ASSIGNMENT = With the images removed, transcribe the listing that follows exactly.

SOURCE DATA: Begin

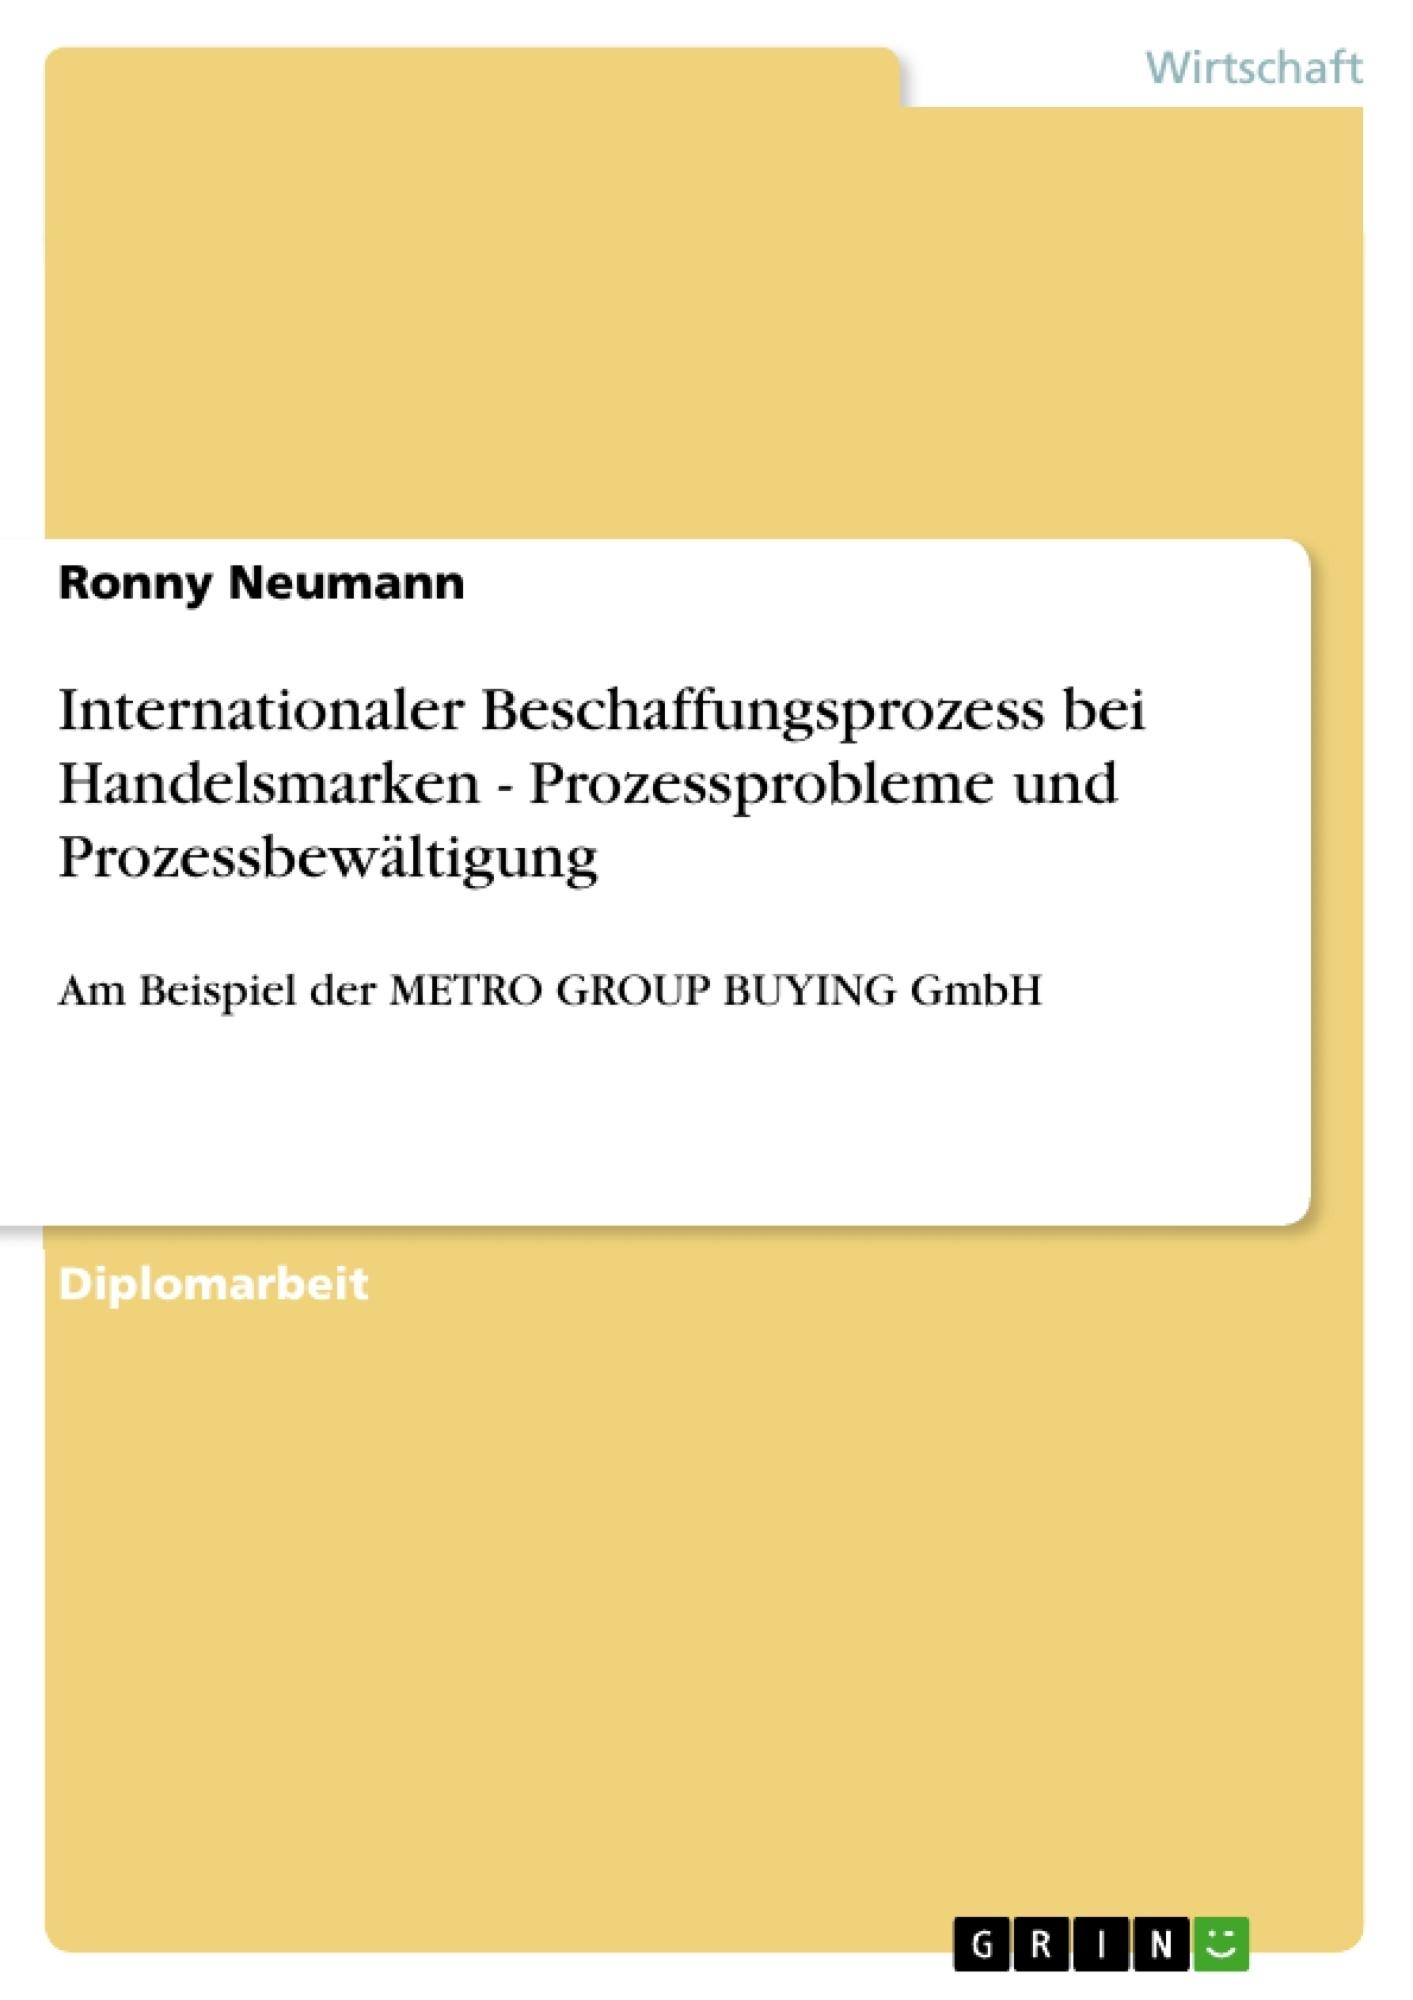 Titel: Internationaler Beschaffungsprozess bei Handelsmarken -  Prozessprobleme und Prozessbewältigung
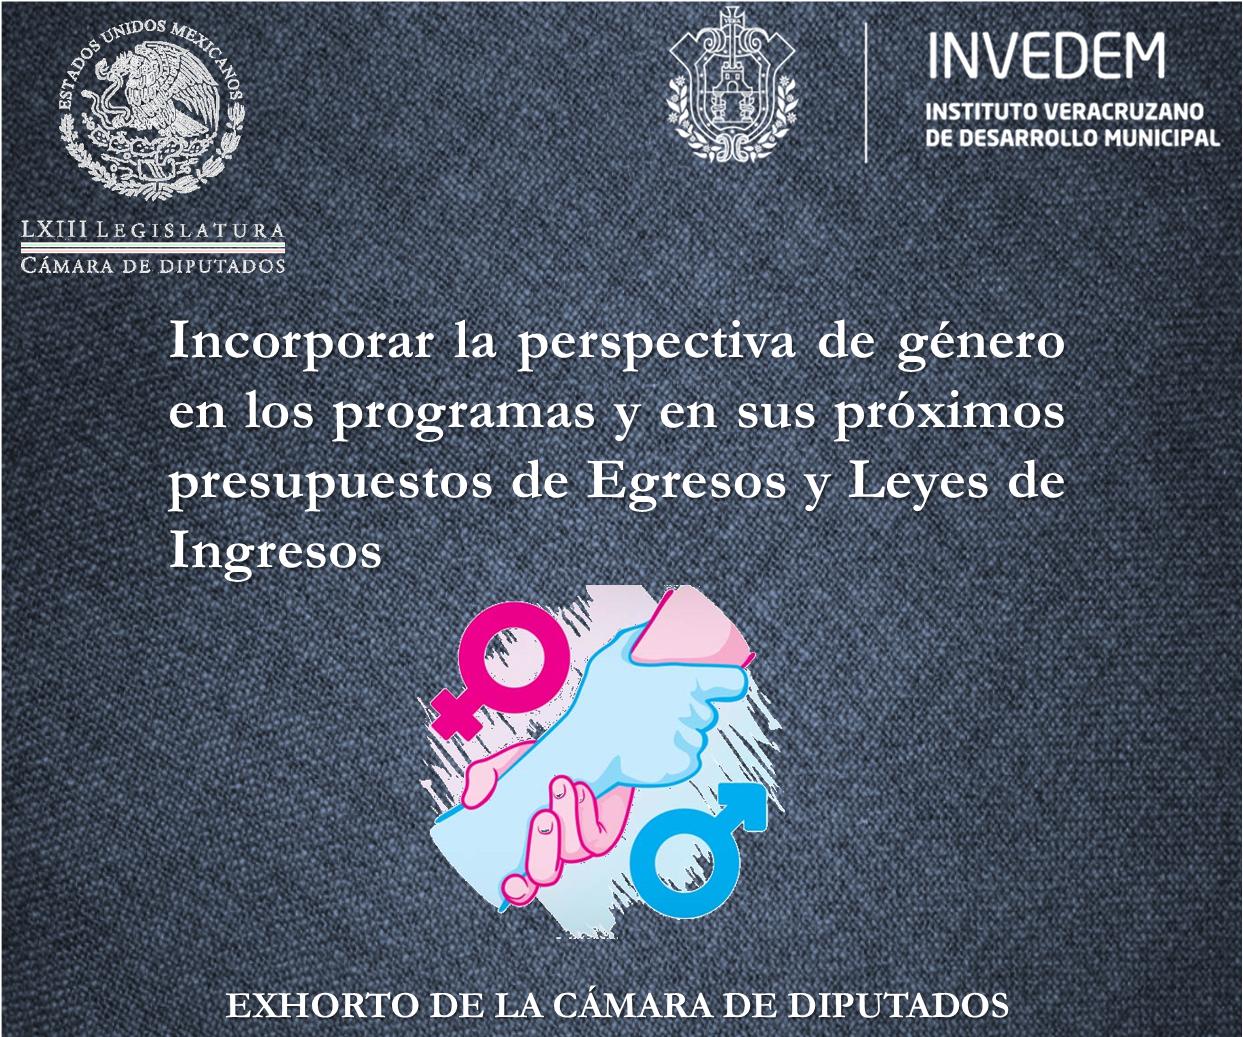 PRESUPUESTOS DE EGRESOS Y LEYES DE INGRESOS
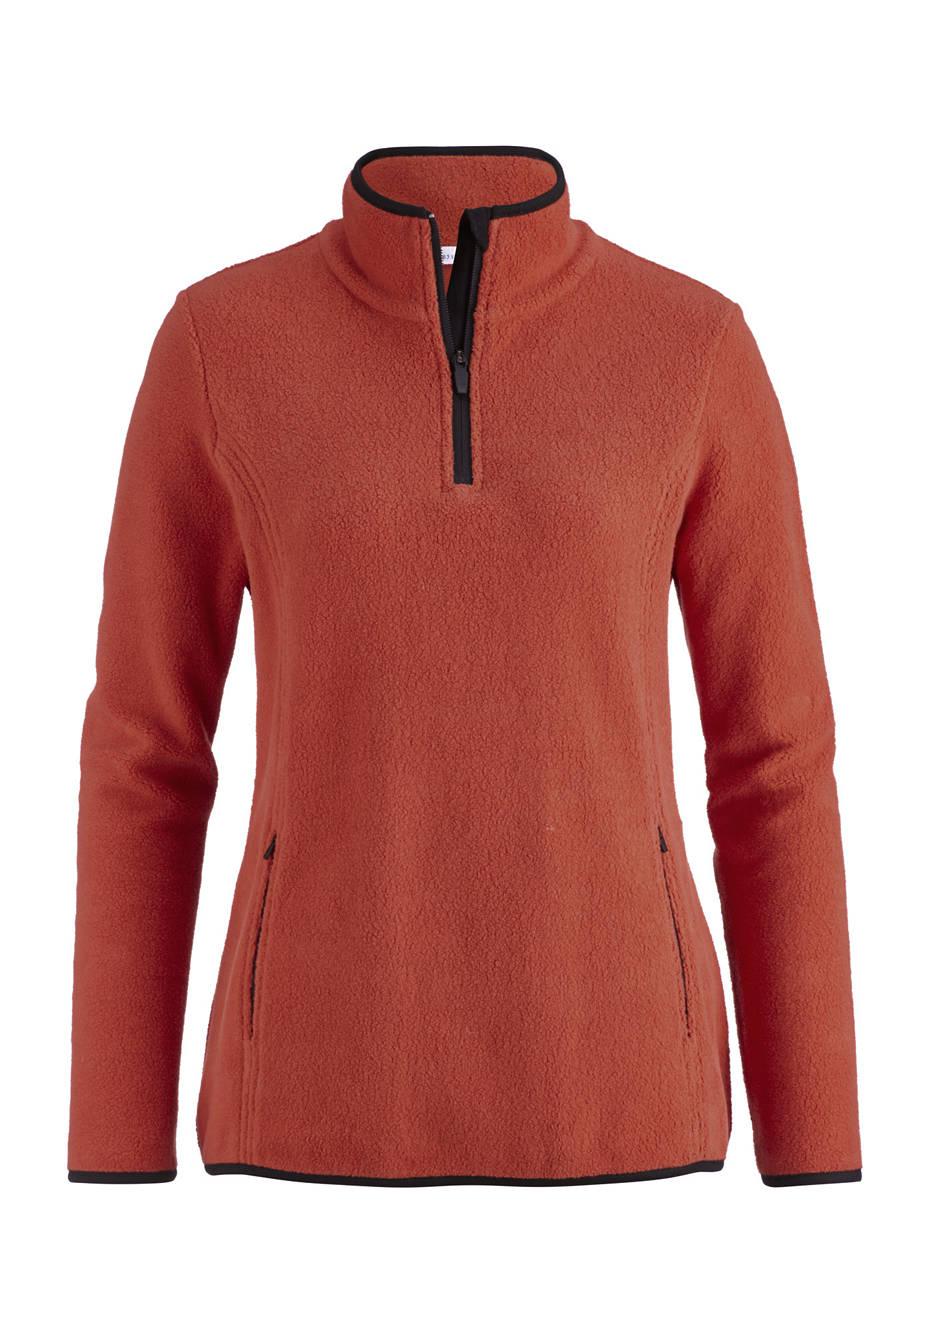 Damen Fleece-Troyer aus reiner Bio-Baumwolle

SOURCE DATA: End

RESPONSE FOR THIS EXERCISE =
 Titel: Internationaler Beschaffungsprozess bei Handelsmarken -  Prozessprobleme und Prozessbewältigung
 PRESUPUESTOS DE EGRESOS Y LEYES DE INGRESOS
 Damen Fleece-Troyer aus reiner Bio-Baumwolle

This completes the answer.